Video Demo: CS50P. Windy Grid
Description: The project is a 7x10 grid turn-based game with an element of stochasticity, where one player is an AI agent and another player is human.
- find an optimal path in grid environment with an element of stochasticity
- implementation of Expected SARSA algorithm inspired by Theoretical and Empirical Analysis of Expected Sarsa
- instead of a tabular approach for an Q-value function for educational purposes I decided to choose function approximation by neural network with no hidden layers
- exposed ability to train own agent by adjusting parameters such as learning rate, number of episodes, ratio for exploration and exploitation
- modification of Windy Gridworld environment to allow human to play with trained agent
📦project
┣ 📜README.md
┣ 📜W.pickle
┣ 📜main_menu.png
┣ 📜players.py
┣ 📜project.py
┣ 📜requirements.txt
┣ 📜test_project.py
┗ 📜windy.py
project.py
file contains main menu with different options and you can navigate between them
- Start a new game
- Train an agent.
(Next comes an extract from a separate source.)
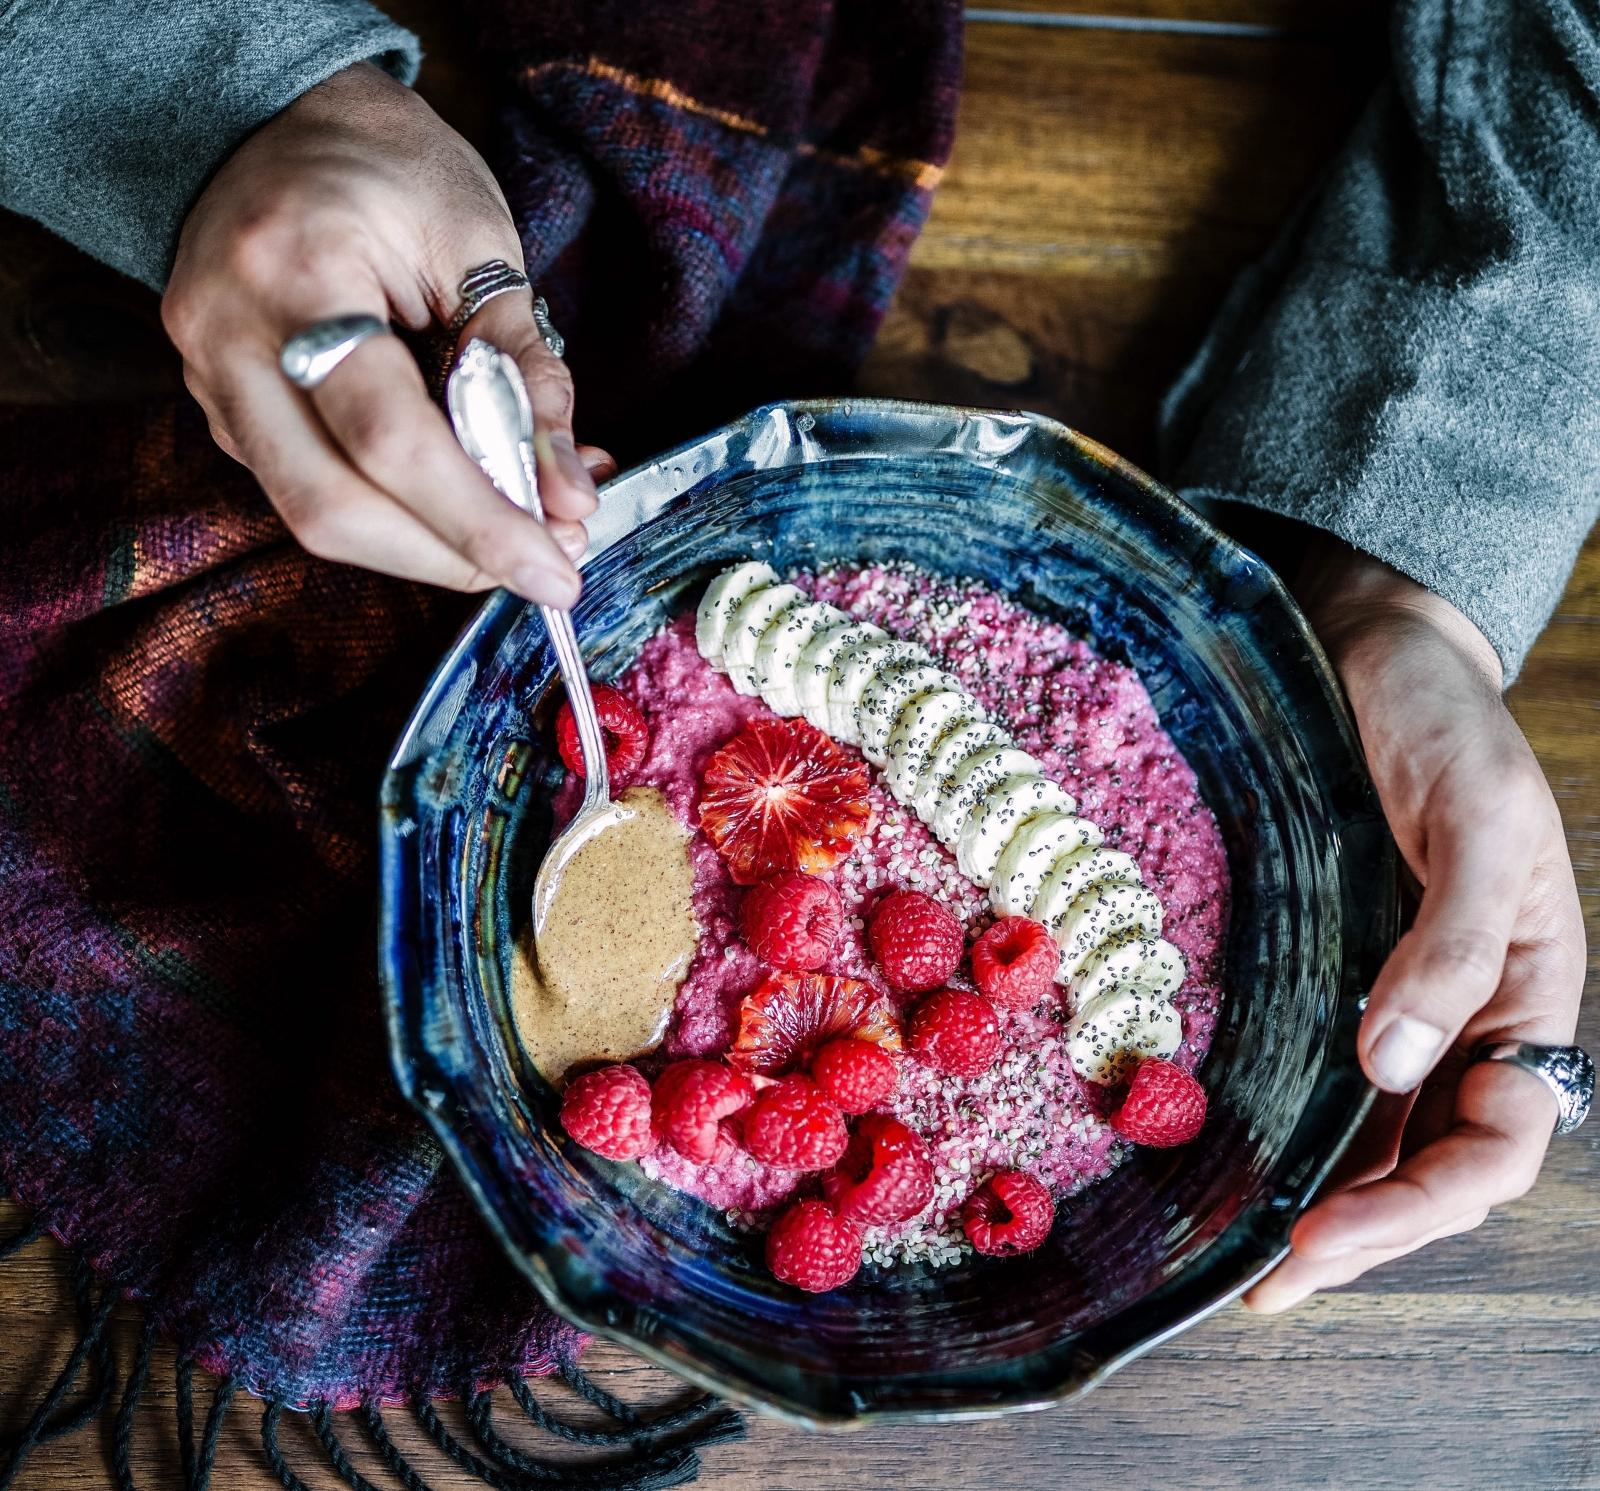 Pink porridge with bananas and raspberries

Keep in mind if you want to train a new agent again from scratch it might take some time but you will be able to track this progress.
- Game rules
- Exit
Moreover, the functions to store and load the pre-trained agent from W.pickle
file to be able to play with a human player on a good enough level. Every time you start a game the trained agent will be loaded from this file.
Basic class Player and inherited from it Human and Agent are presented in players.py
and implement logic of picking actions, updating state on the grid and weights based on neural network approximation of Q-value calculated by Expected SARSA algorithm.
The windy.py
introduces a gridworld environment and exposes a render function to display the grid itself and player positions.